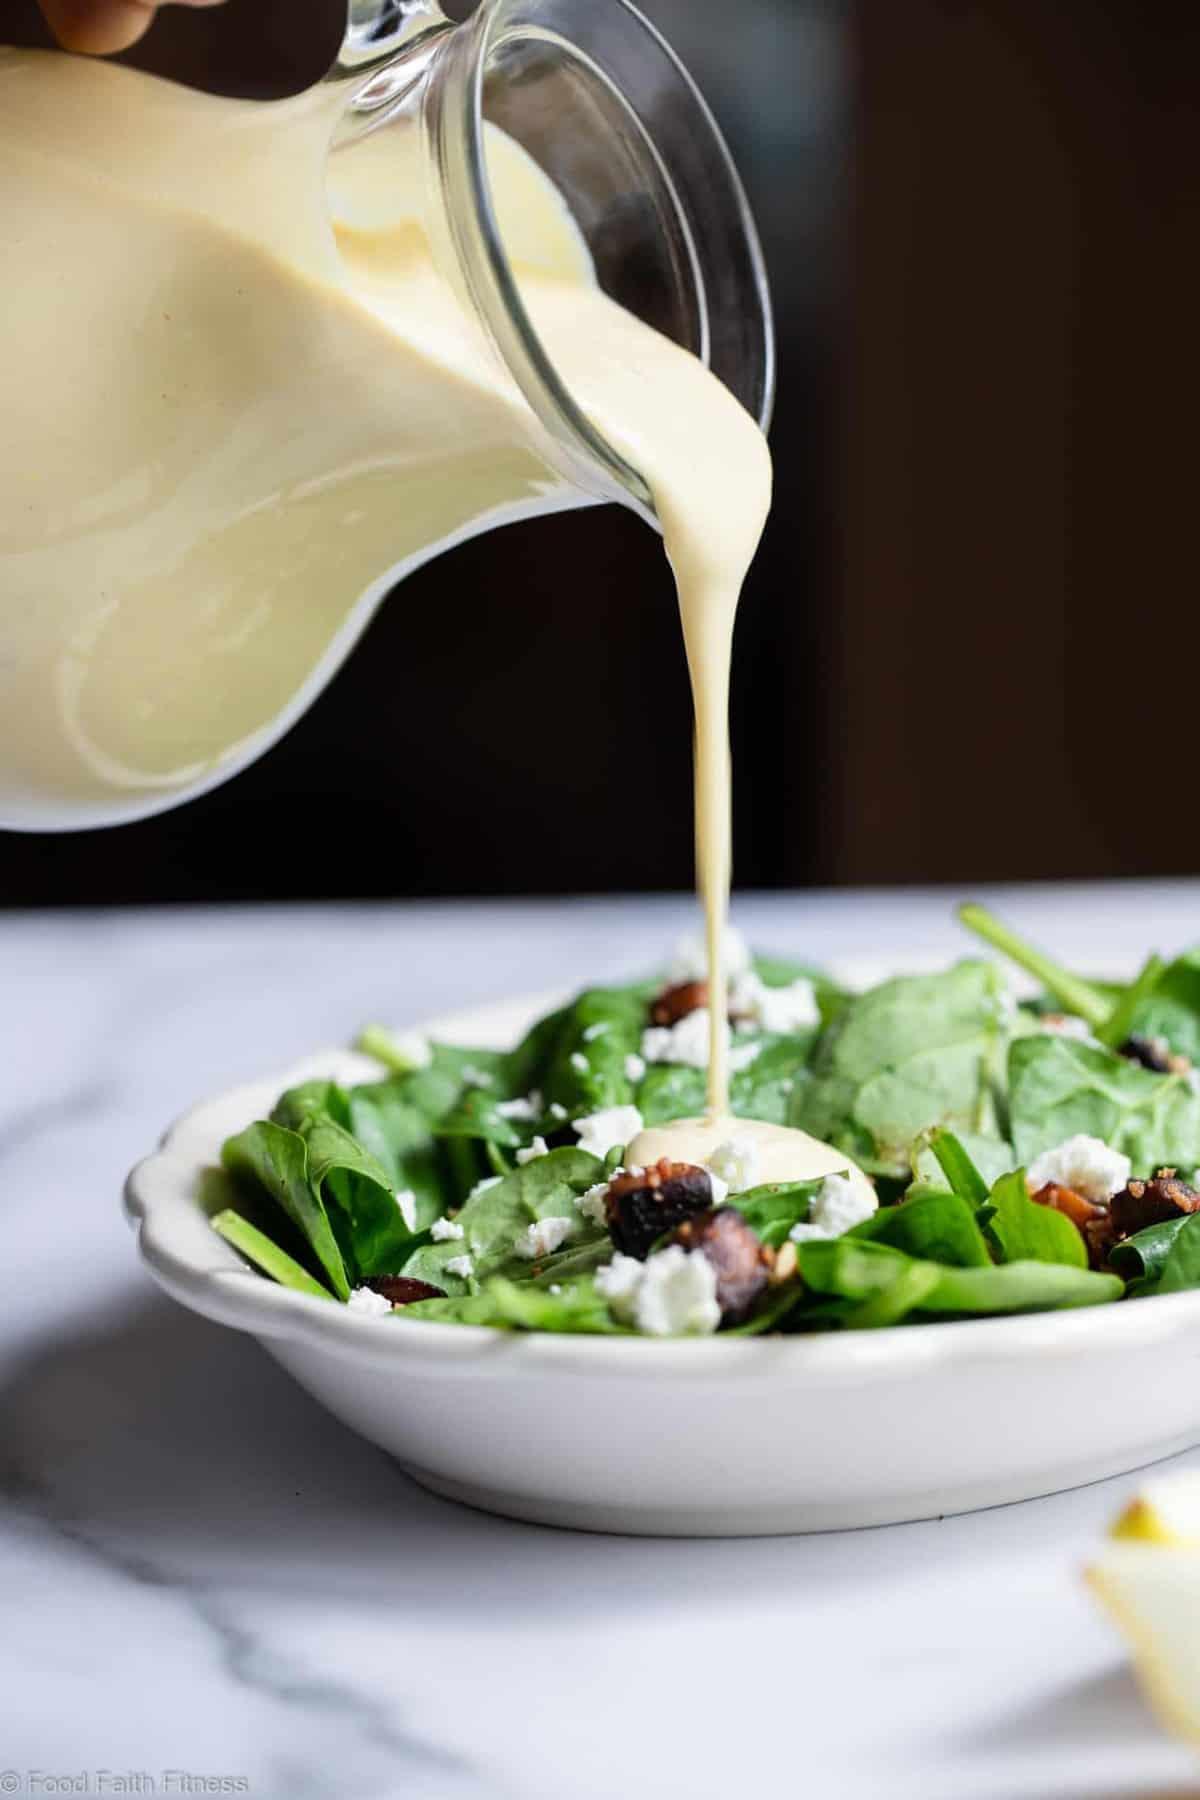 pouring tahini salad dressing onto a salad
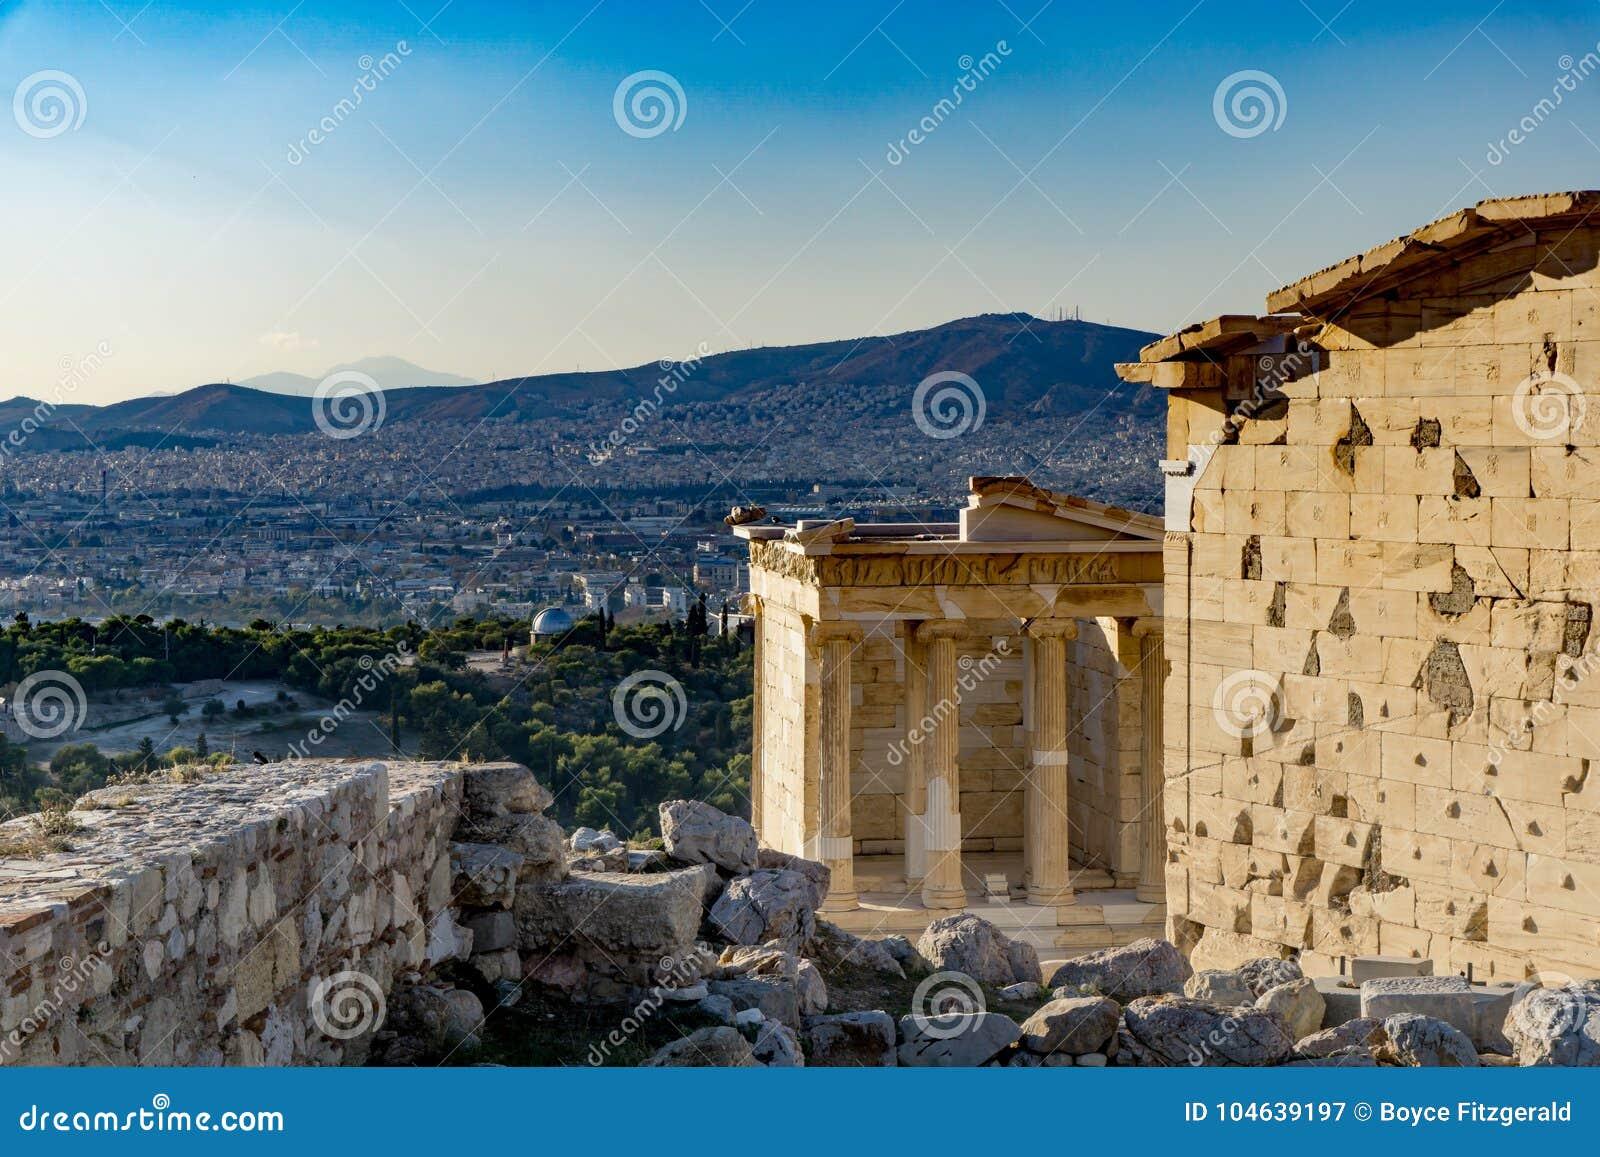 Download Erechtheion Of Erechtheum Zijn Een Oude Griekse Tempel Op De Akropolis Van Athene In Griekenland Stock Afbeelding - Afbeelding bestaande uit parthenon, monument: 104639197
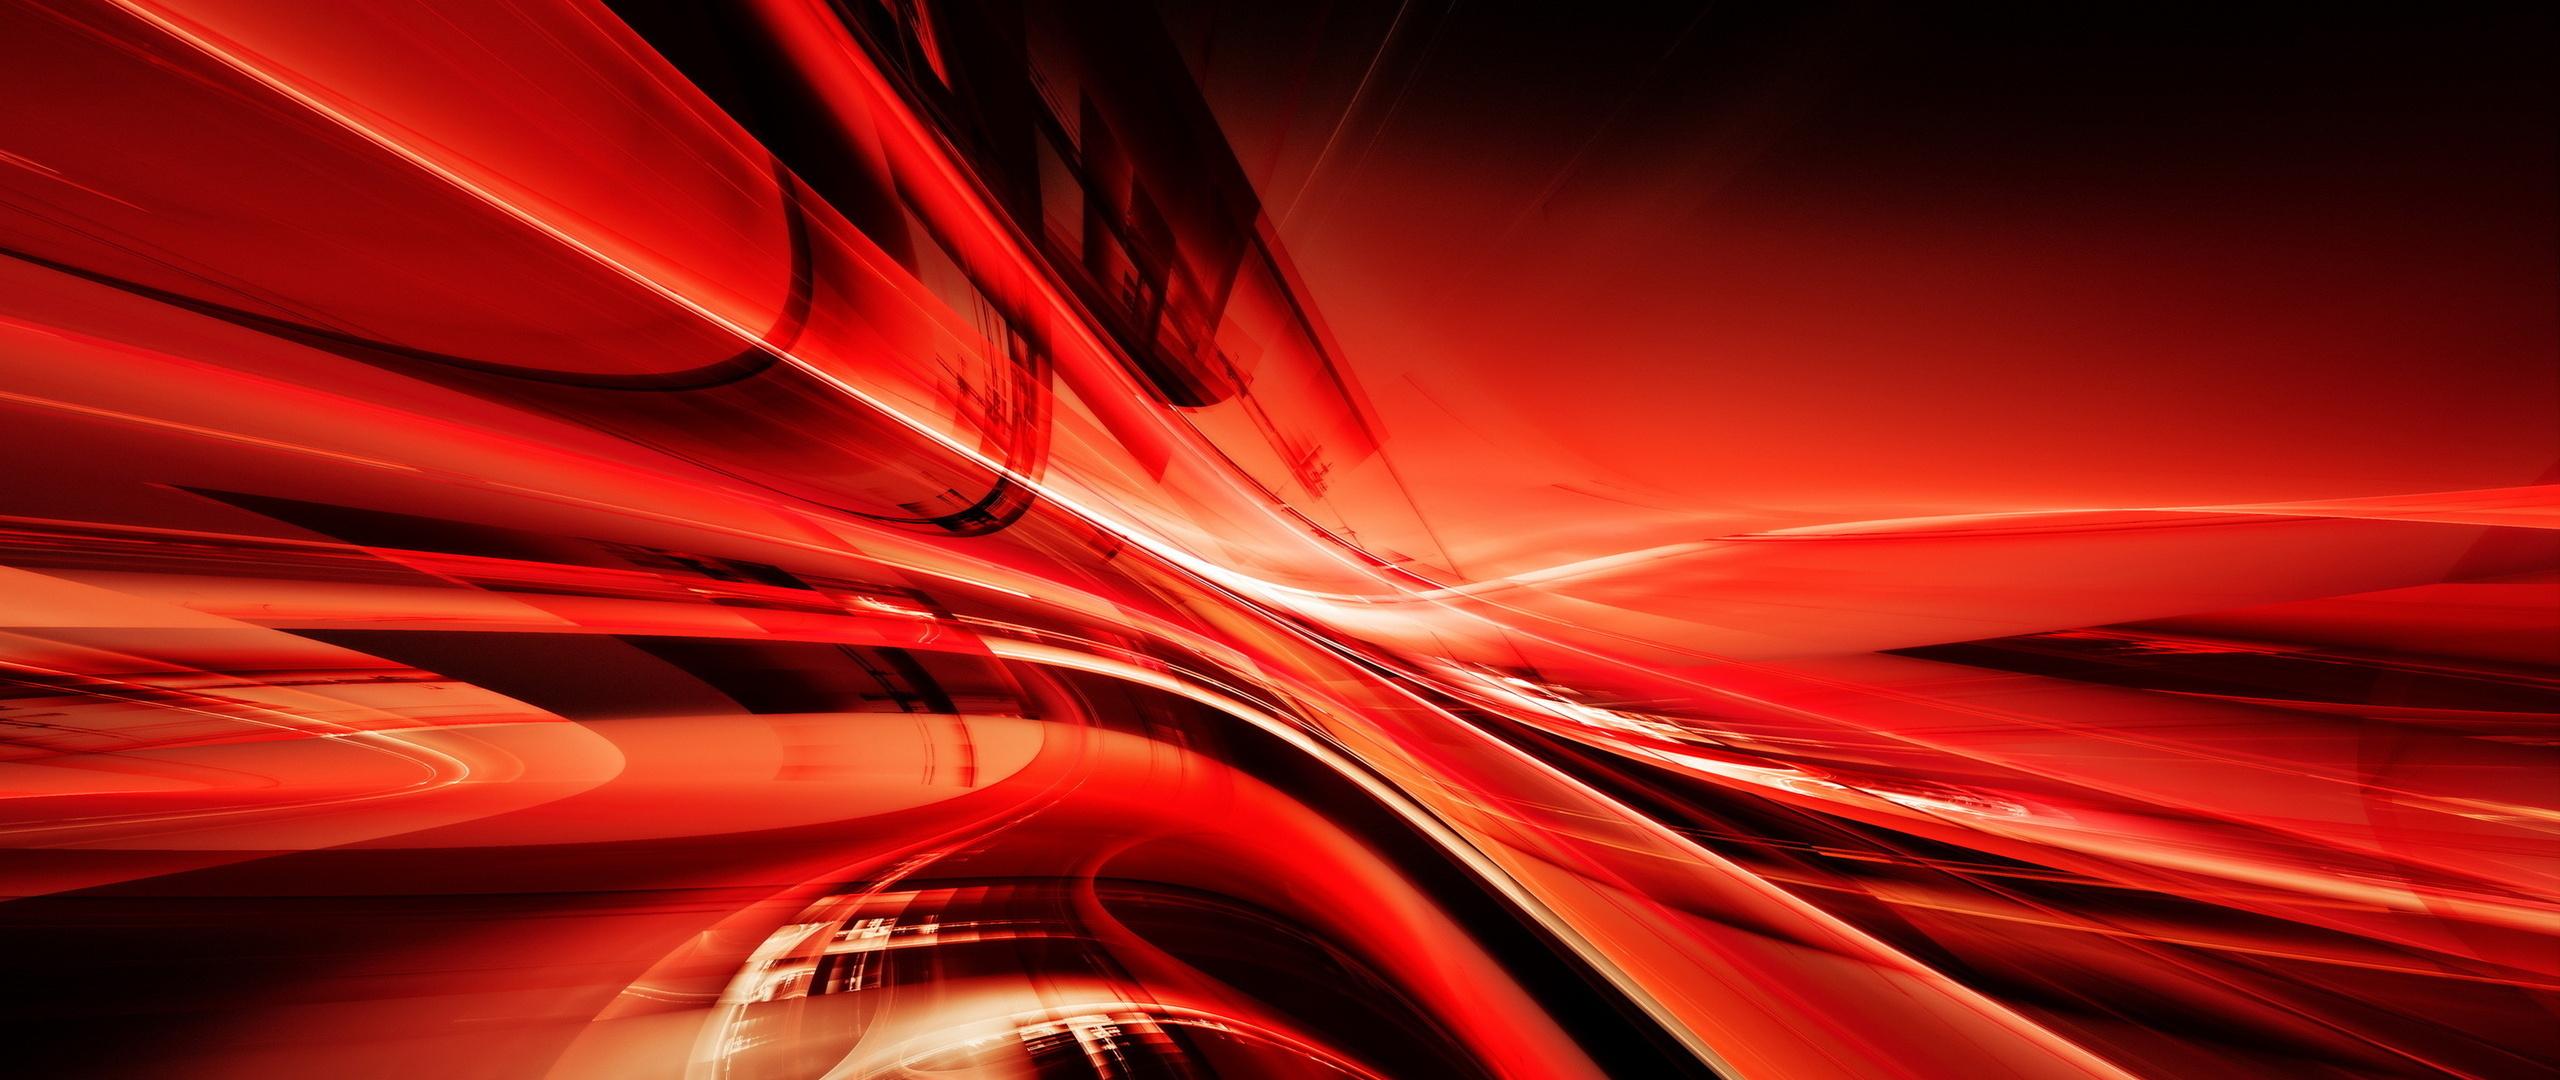 abstract-3d-wallpaper.jpg

● ● ● ● ●

Quote the data above in full and without alteration; skip the pictures.

 pouring tahini salad dressing onto a salad
 Download Erechtheion Of Erechtheum Zijn Een Oude Griekse Tempel Op De Akropolis Van Athene In Griekenland Stock Afbeelding - Afbeelding bestaande uit parthenon, monument: 104639197
 abstract-3d-wallpaper.jpg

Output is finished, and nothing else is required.